Waiver of penalty for not incorporating QR code in B2C transactions up to 30 June 2021
With the phased implementation of e-invoicing for B2B transactions proceeding successfully, the government turned to the B2C segment. For this, the government had issued Notification No. 14/2020-Central Tax, dated 21 March 2020, requiring a Dynamic QR Code on B2C invoices issued by taxpayers having aggregate turnover of more than INR 500 crore rupees, w.e.f. 1 December 2020. The purpose of this code was for making payments by the unregistered person/consumer to such a registered person making the B2C supply, using UPI-based payment Apps by scanning the said QR Code.
However, due to various difficulties faced by the taxpayers in implementing this during the Covid-19 pandemic, CBIC had waived the penalty for not complying with this requirement until 31 March 2021. Now that the taxpayers are still facing difficulty and confusion over the incorporation of a QR code for B2C invoices, the government has further extended the waiver of the penalty until 30 June 2021. This has come as a much-appreciated relief to the taxpayers, who were still reeling with difficulties with the requirement.
Noteworthy legal developments
Further, as expected in the early days of the introduction of GST, there have been innumerable legal developments on the GST front and the list is long.
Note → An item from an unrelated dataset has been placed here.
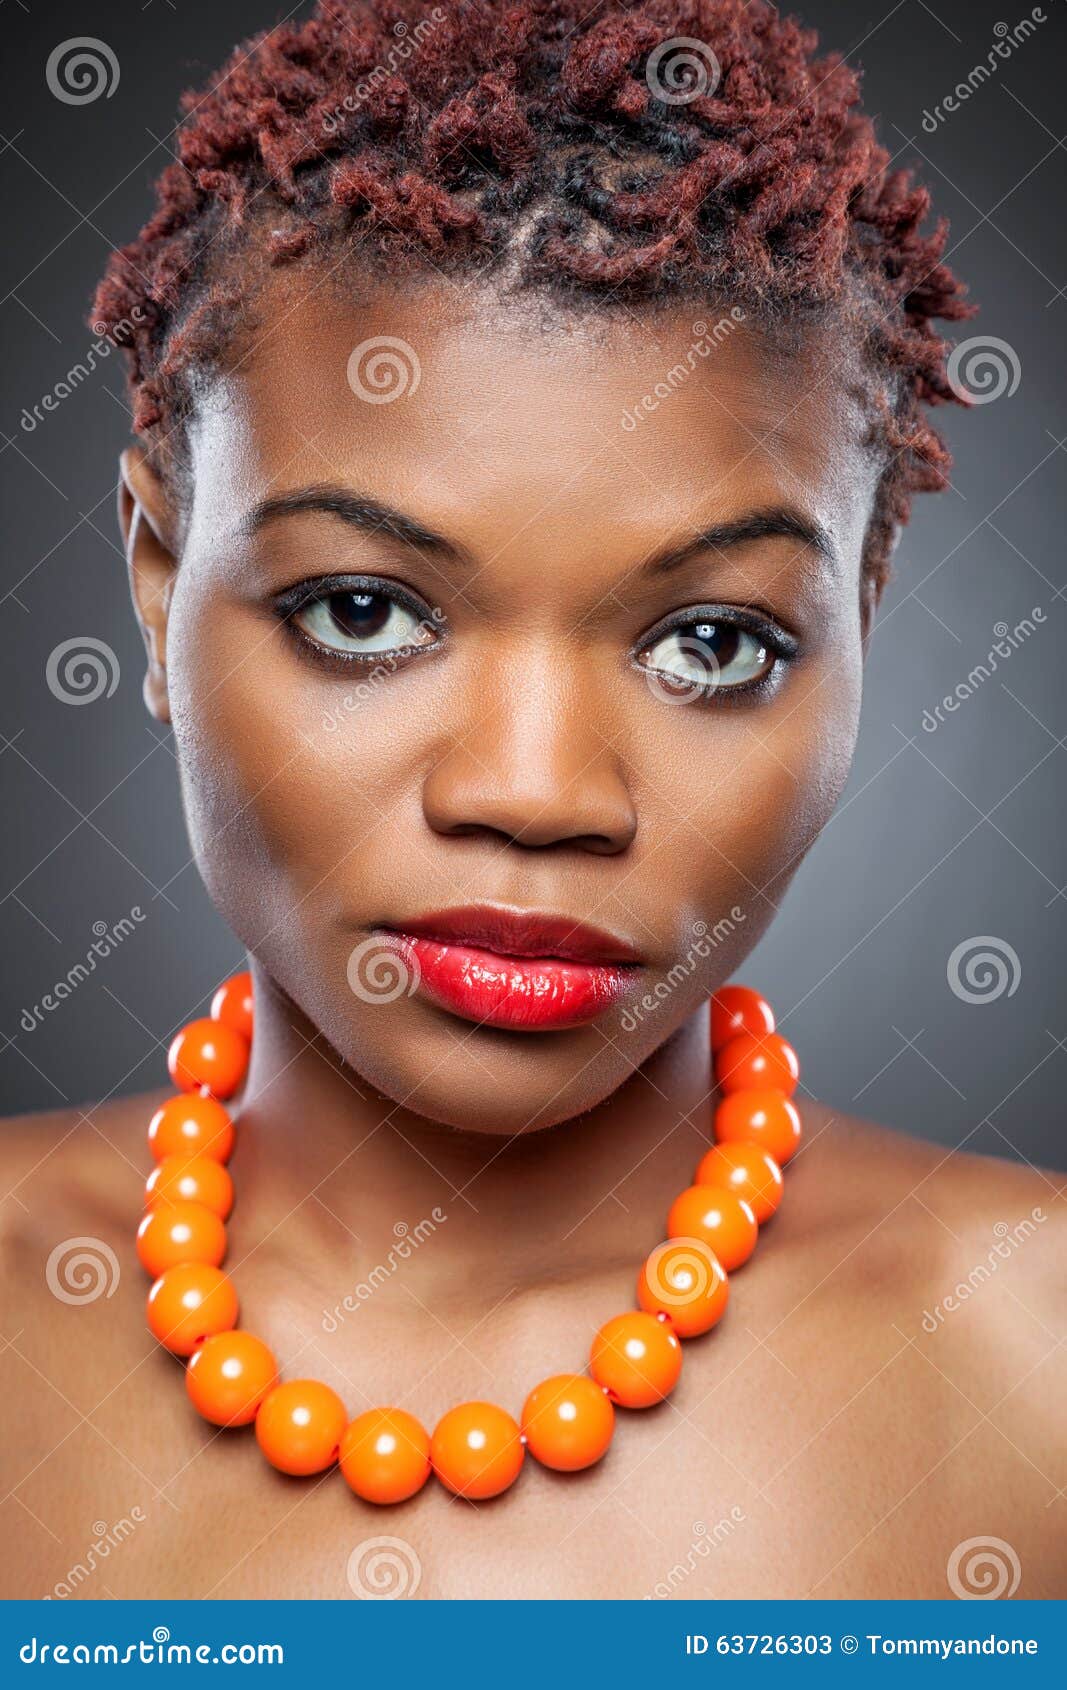 Black Beauty with Short Spiky Hair Stock Image - Image of clean,  background: 63726303

Some noteworthy developments are:
The Gujarat High Court provided a ruling in the case of VKC Footsteps India (P.) Ltd. v. Union of India (2020) providing much-needed relief to taxpayers having an inverted duty tax structure.
In the said ruling, the court reviewed the provisions of the GST Rule which provide the method of computation of eligible amount for refund and held that the limitation of refund to the extent of Input Tax Credit (ITC) claimed on inputs exceeds the ambit of the base provision (i.e., Section 54 of the CGST Act). The key question addressed was ‘Can a subordinate legislation restrict the right granted under a plenary law?’. Further, the Madras High court held otherwise in another ruling.
The Court observed that the provision in section 54(3) has been wrongly interpreted in Circular No. 79/53/2018 dated 31-12-2018 to deny a refund of ITC on input services and therefore the refund of ITC on input services should also be allowed under inverted duty structure.
While the above-mentioned development could be seen as a welcome relief to the taxpayers, the next development offsets this relief.
The Supreme court of India, in the case of State of Uttar Pradesh Vs Kay Pans Fragrance (P) Ltd. (Supreme Court), observed that High Courts should refer taxpayers to the appropriate authority in instances of detention/seizure of goods for complying with the procedure prescribed under the GST Act.
It stated that the CGST Act read with Rules contains a complete code for release (including provisional release) of seized goods and the same must be followed for appropriate action to be taken. Though this ruling was delivered at the end of 2019, its effects are increasingly being felt since the lockdown in 2020, wherein the taxpayers are finding it difficult to approach jurisdictional High Courts for cases of detention of goods by the authorities.
Every new legislation takes time to evolve and stabilise. Currently, the GST law seems to be evolving more through notifications and circulars and is still far from settling down. The industry and tax professionals will have to learn to adapt to frequent changes in tax positions and associated processes.